A mesma pesquisa revelou que as partículas do vírus podem durar cerca de três horas no ar - após um paciente contaminado espirrar, por exemplo -, e que também é eliminado nas fezes.


Ainda não há resultados conclusivos sobre o tempo de vida em tecidos e calçados, mas já recomenda-se retirar roupa e sapatos assim que chegar em casa. Da mesma forma, deve-se evitar usar a mesma roupa por mais de um dia. Superfícies devem ser limpas com frequência com álcool 70% ou água sanitária. A higiene – pessoal e dos ambientes - é uma grande aliada no combate ao novo coronavírus.


Em um ponto, a ciência é unânime: portadores assintomáticos podem transmitir facilmente o Sars-Cov-2, e com a falta de testes para todos, muitas pessoas infectadas pelo vírus podem não receber o diagnóstico correto. Crianças frequentemente são vetores assintomáticos do vírus, e tamanha é a importância de mantê-las afastadas de pessoas no grupo de risco neste momento.


E em tempos de pânico, cresce a disseminação de notícias falsas sobre o novo coronavírus.

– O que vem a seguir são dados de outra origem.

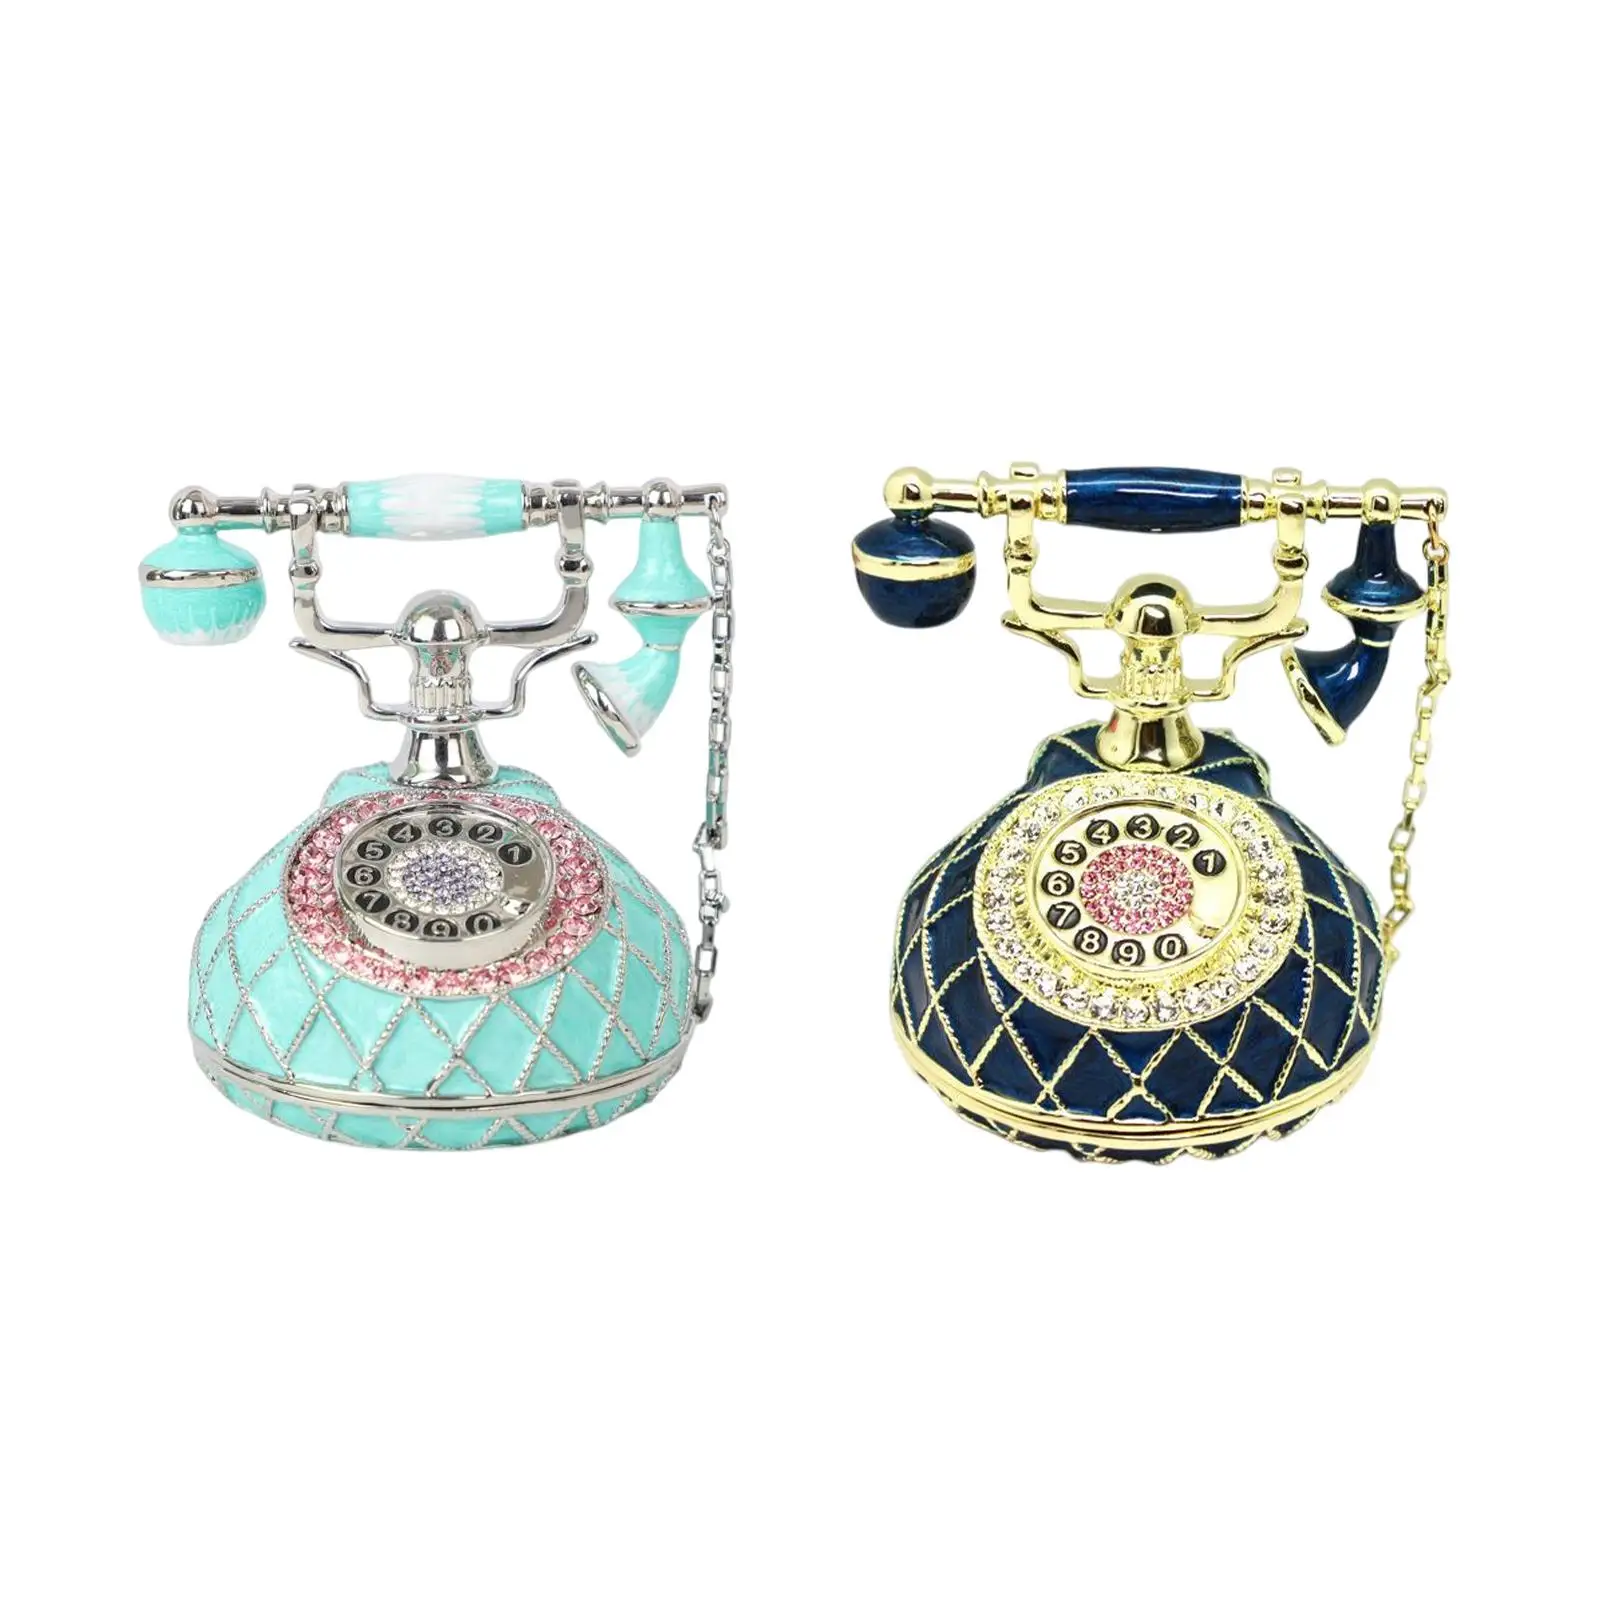 Vintage Style Telephone Statue Jewelry Trinket Box Storage Decorative Hinged Decoration Case for Necklace Rings Watch Bracelet
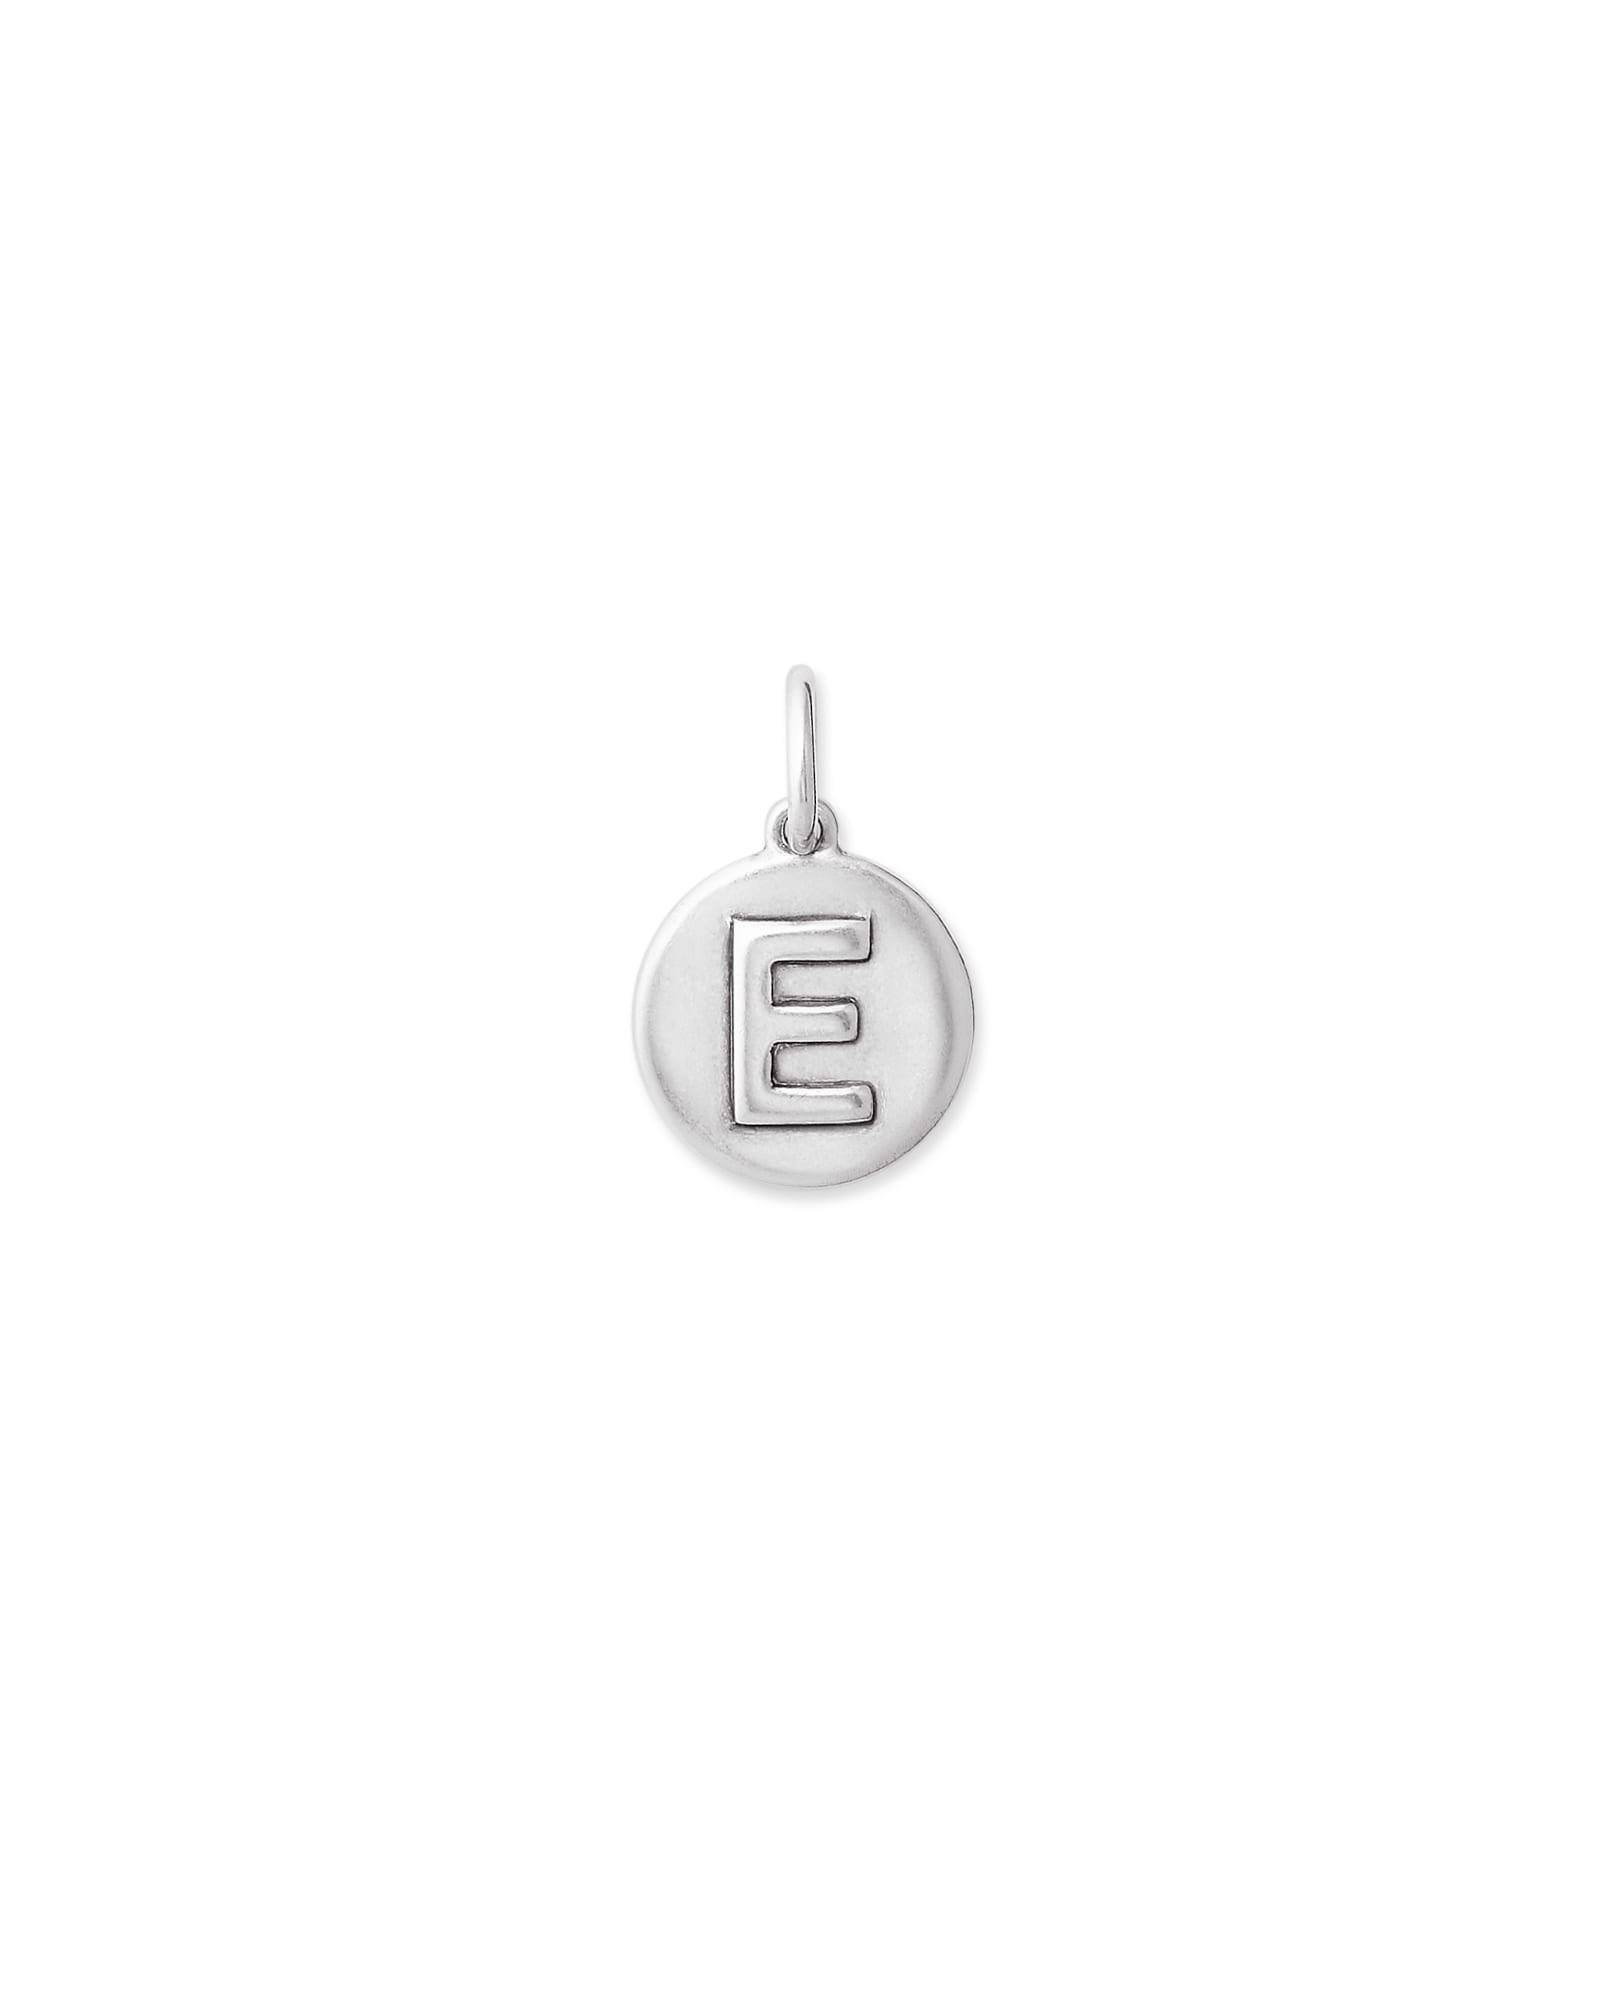 Kendra Scott Letter E Coin Charm in Oxidized Sterling Silver   Metal

Circula nas redes sociais, por exemplo, o boato de que vírus não resiste a altas temperaturas, o que não é verdade: apesar de ainda estar sendo estudado, cientistas afirmam que o Sars-Cov-2 está se comportando de maneira parecida em climas tropicais, como o brasileiro.


A OZZ Saúde vem orientado seus colaboradores sobre como lidar com a pandemia com base somente em informações dos órgãos oficiais de saúde. Esperamos que, seguindo as recomendações oficiais, possamos atravessar este momento da forma mais tranquila possível.